*** Dataset extract ***

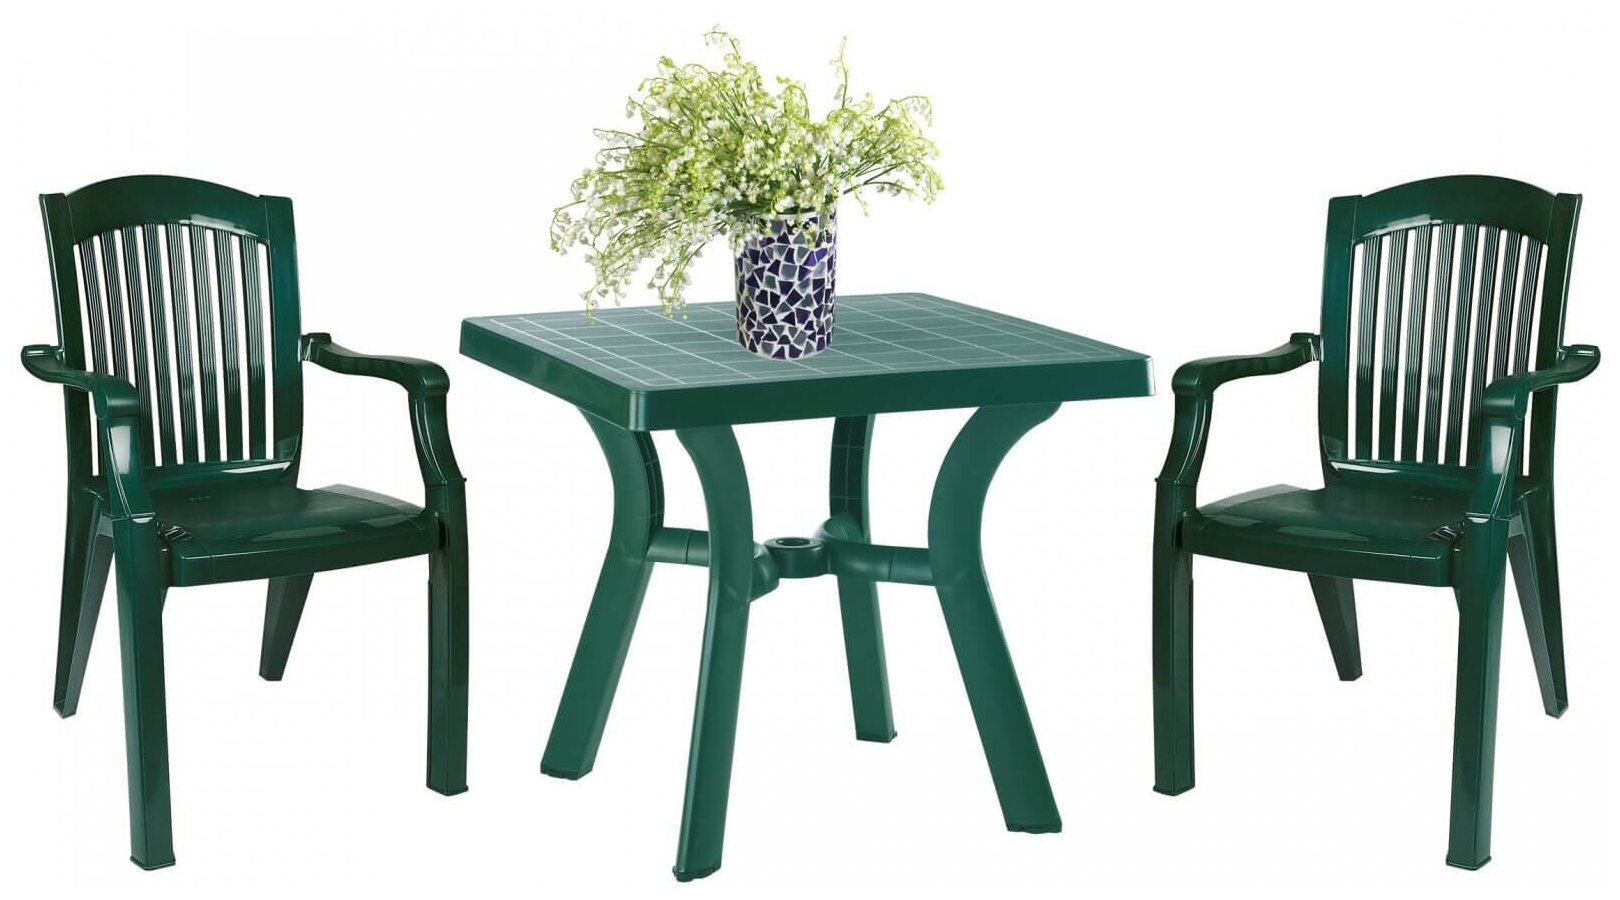 Комплект пластиковой мебели Viva Classic, Siesta Garden, зеленый
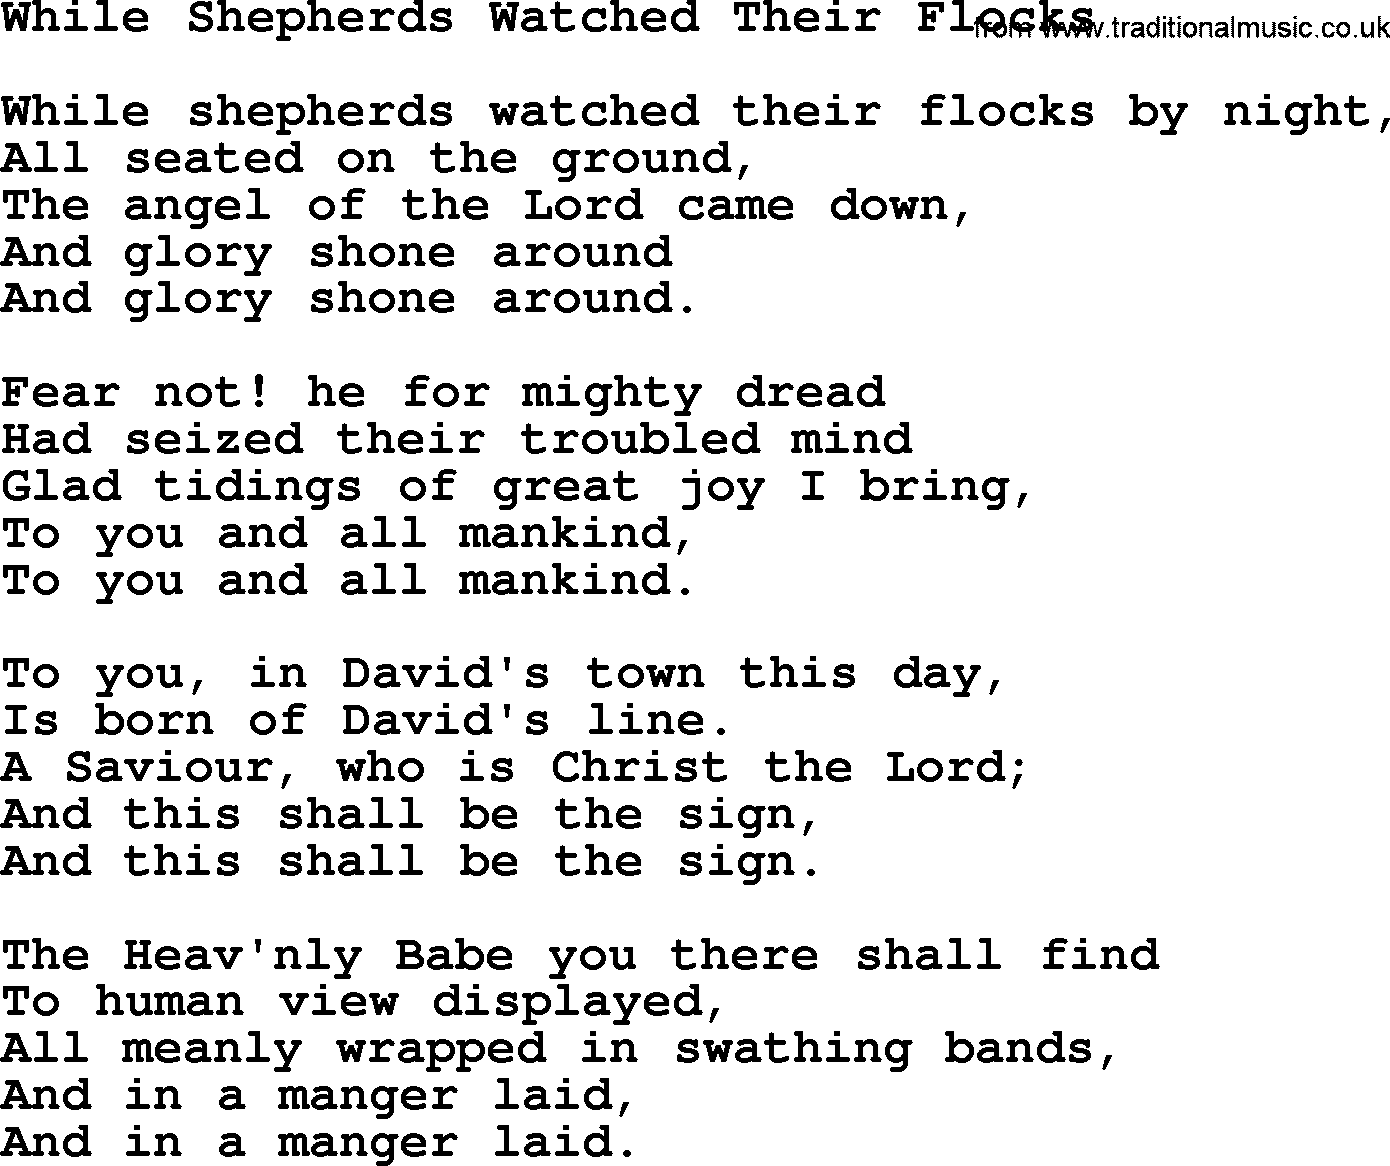 Catholic Hymn: While Shepherds Watched Their Flocks lyrics with PDF
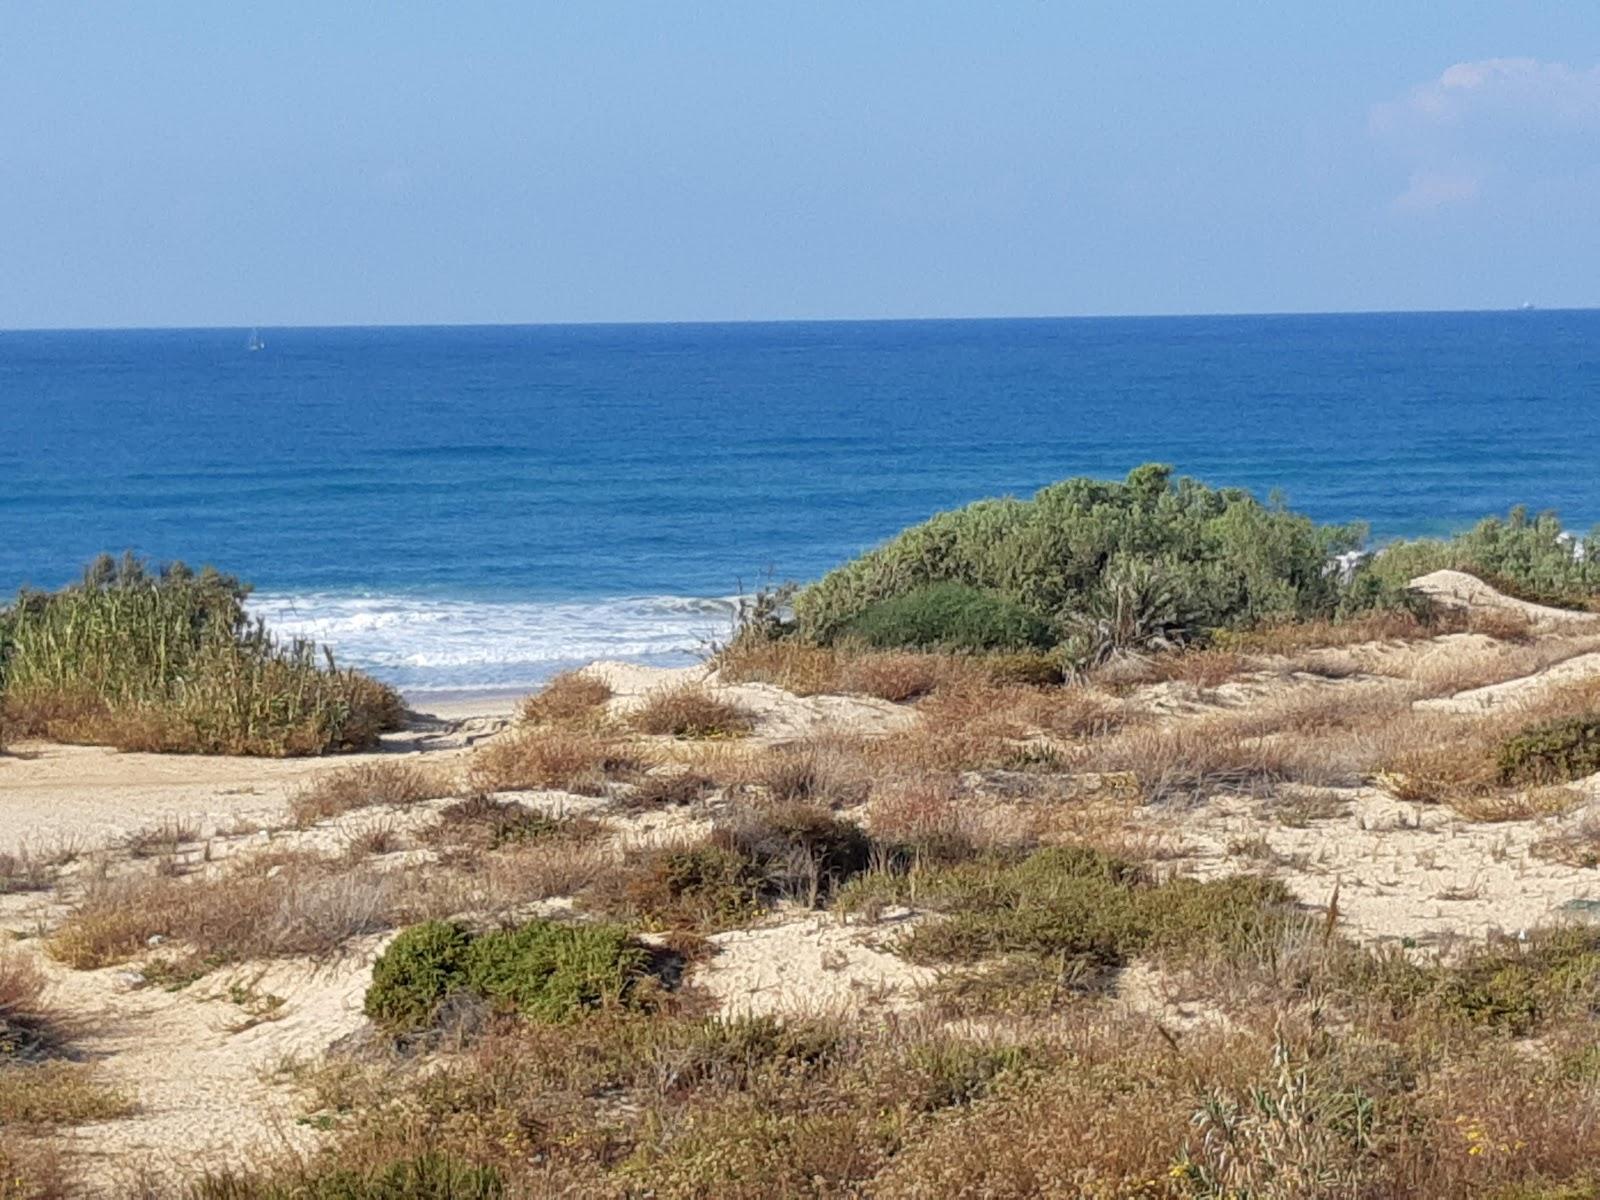 Sandee - Hofit Beach In Ashkelon

*** End of Dataset extract ***

» **About this task**:
Print the data once more without any change, skipping each picture.

» **Exercise result**:
 Комплект пластиковой мебели Viva Classic, Siesta Garden, зеленый
 Catholic Hymn: While Shepherds Watched Their Flocks lyrics with PDF
 Sandee - Hofit Beach In Ashkelon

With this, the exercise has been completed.